- **DATA SECTION**
▬▬▬▬▬▬

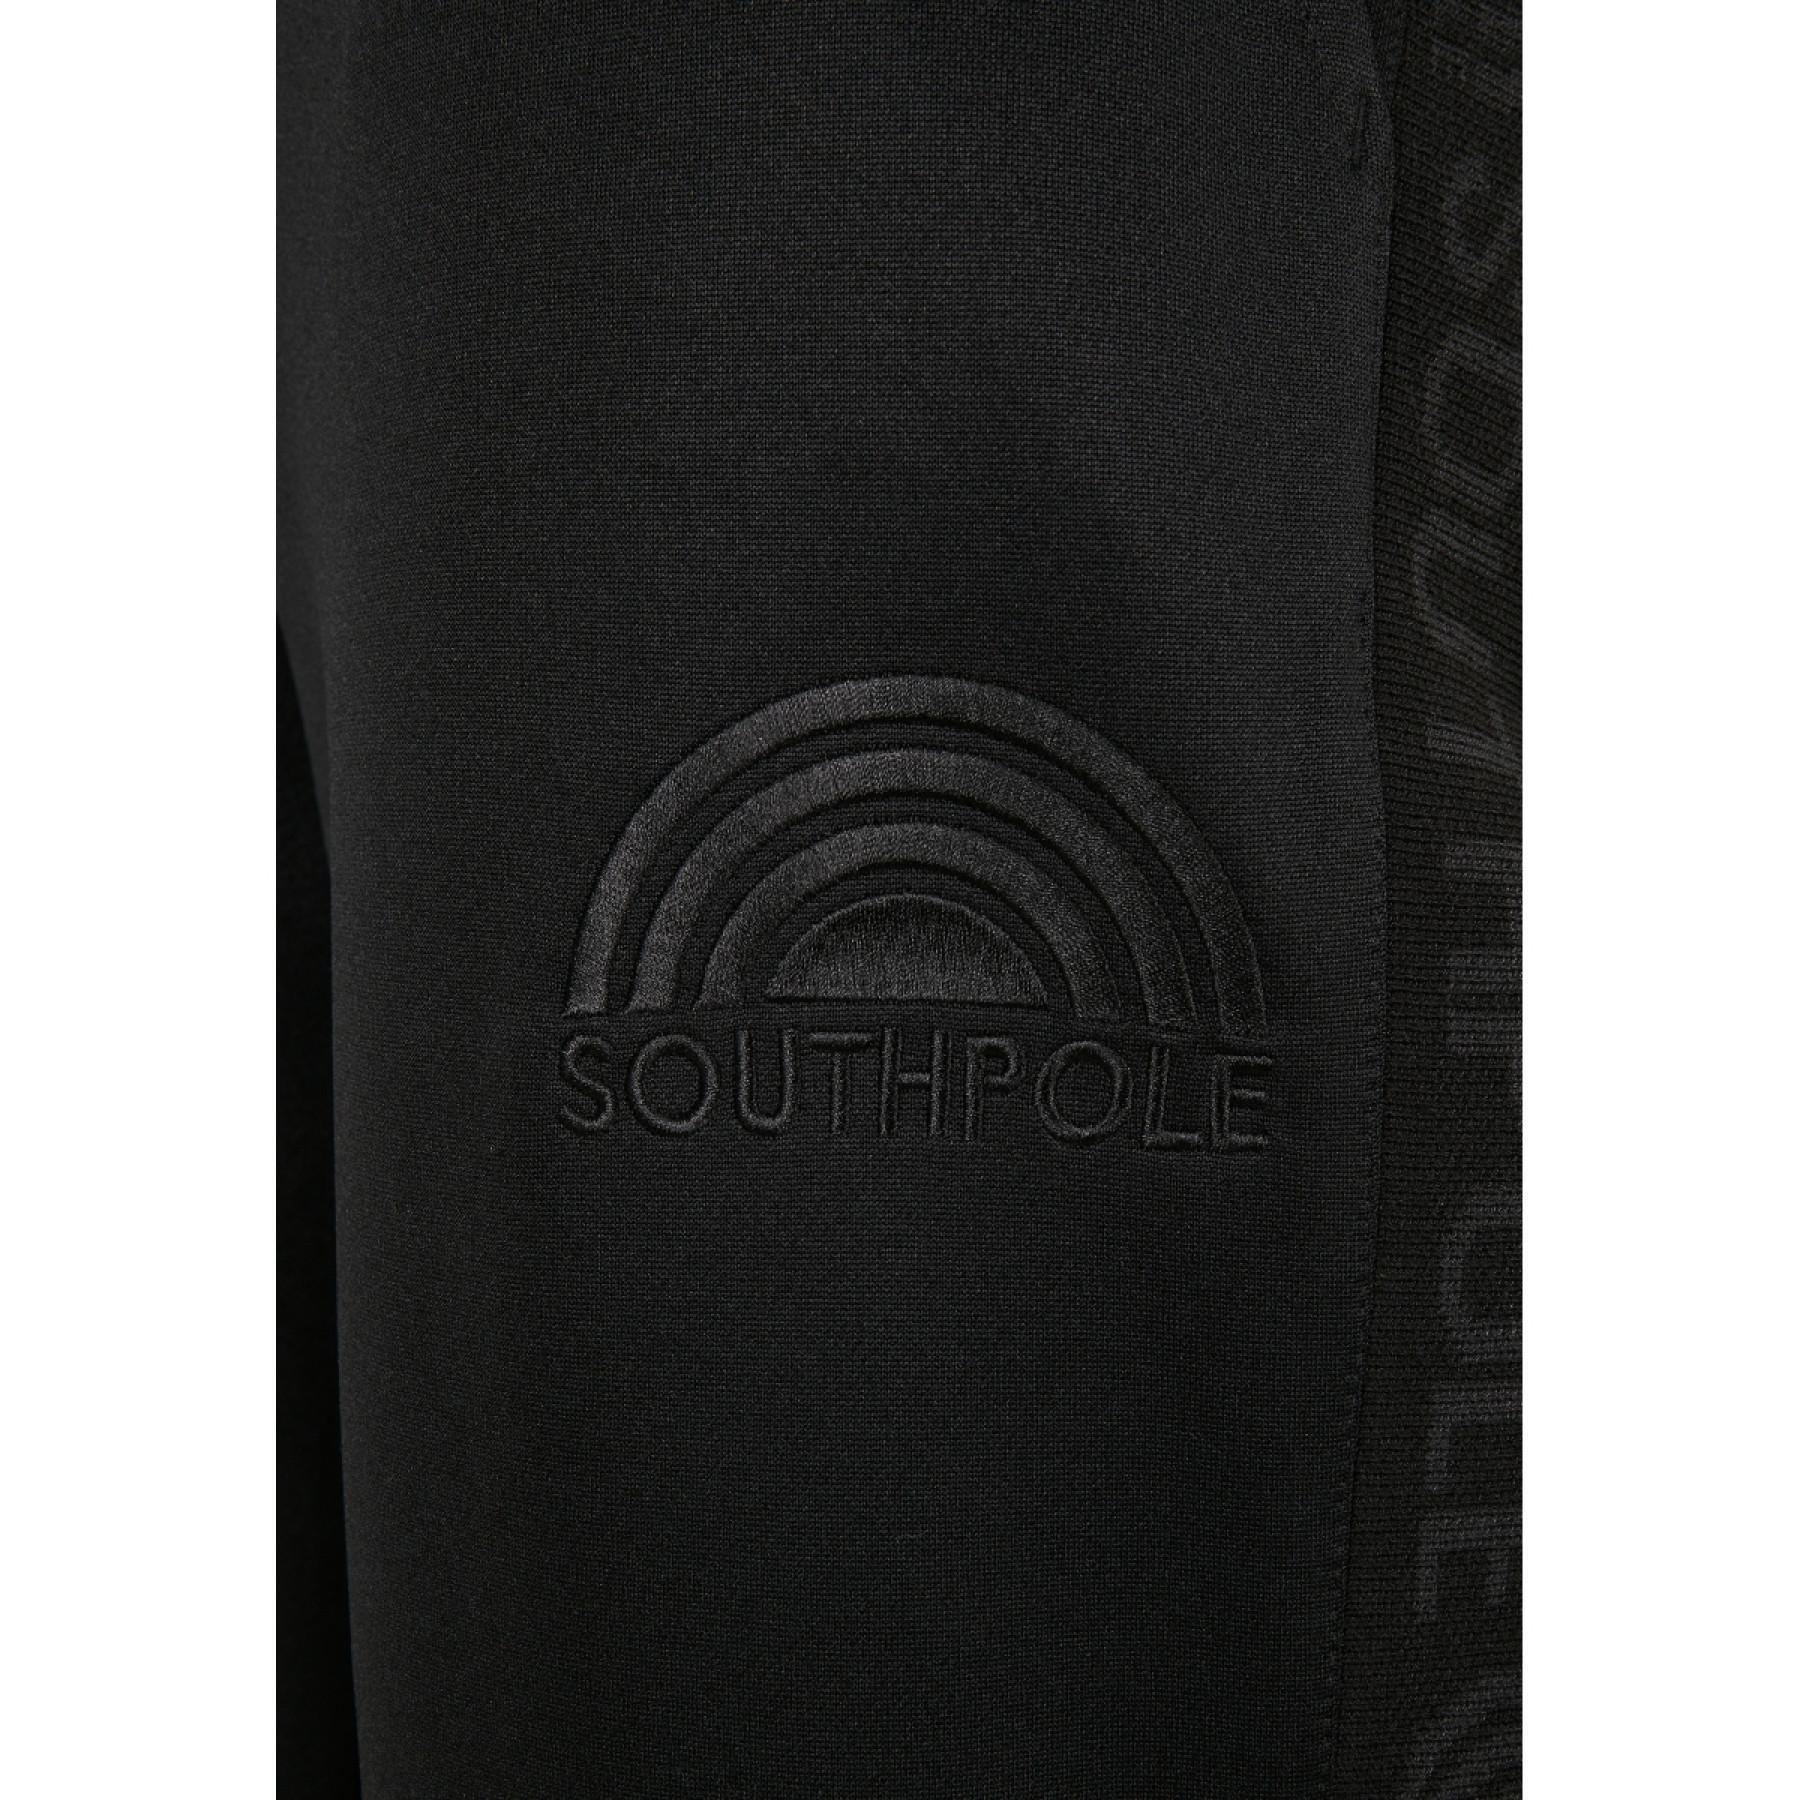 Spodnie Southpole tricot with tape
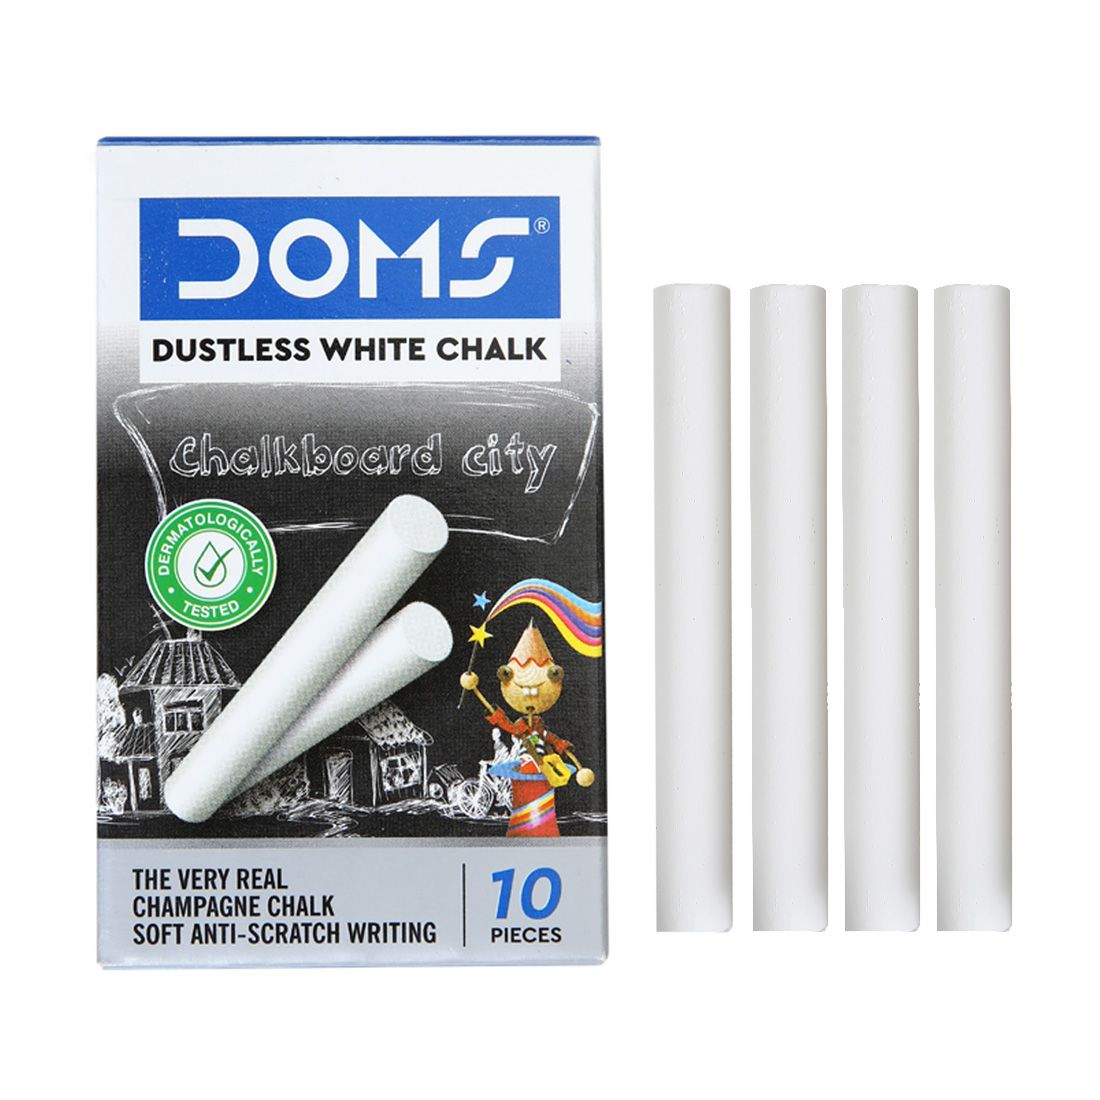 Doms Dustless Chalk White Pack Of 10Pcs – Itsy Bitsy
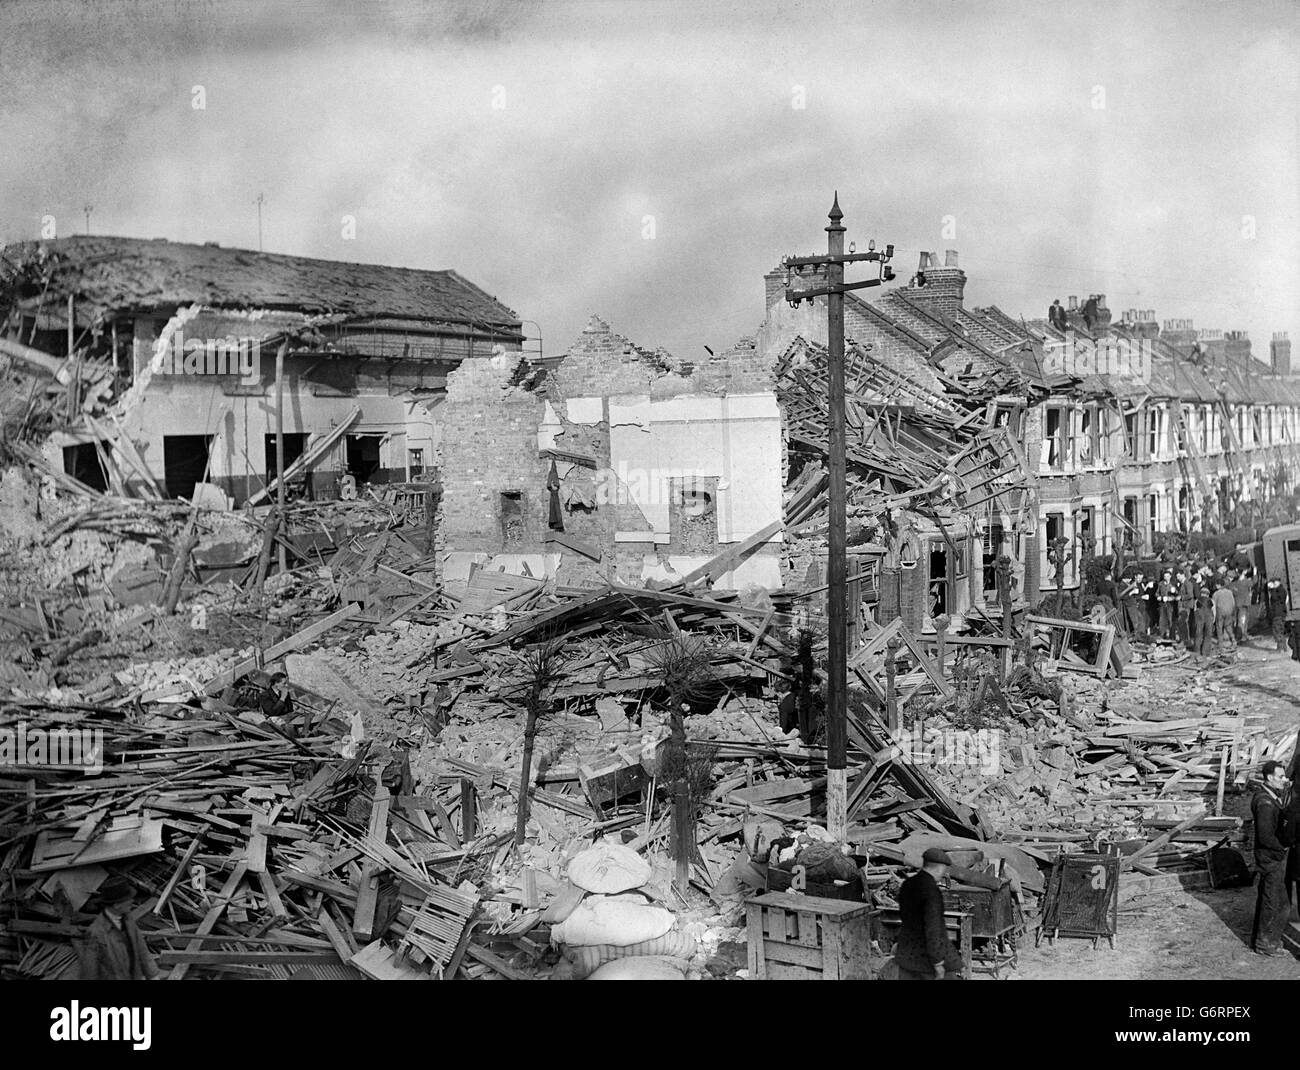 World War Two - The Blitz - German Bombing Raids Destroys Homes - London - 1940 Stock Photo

▬▬▬▬▬▬

- **GOAL OF THE EXERCISE**
All of the data is to be reproduced exactly, with the pictures left out.

- **FINAL ANSWER**
 Spodnie Southpole tricot with tape
 Doms Dustless Chalk White Pack Of 10Pcs – Itsy Bitsy
 World War Two - The Blitz - German Bombing Raids Destroys Homes - London - 1940 Stock Photo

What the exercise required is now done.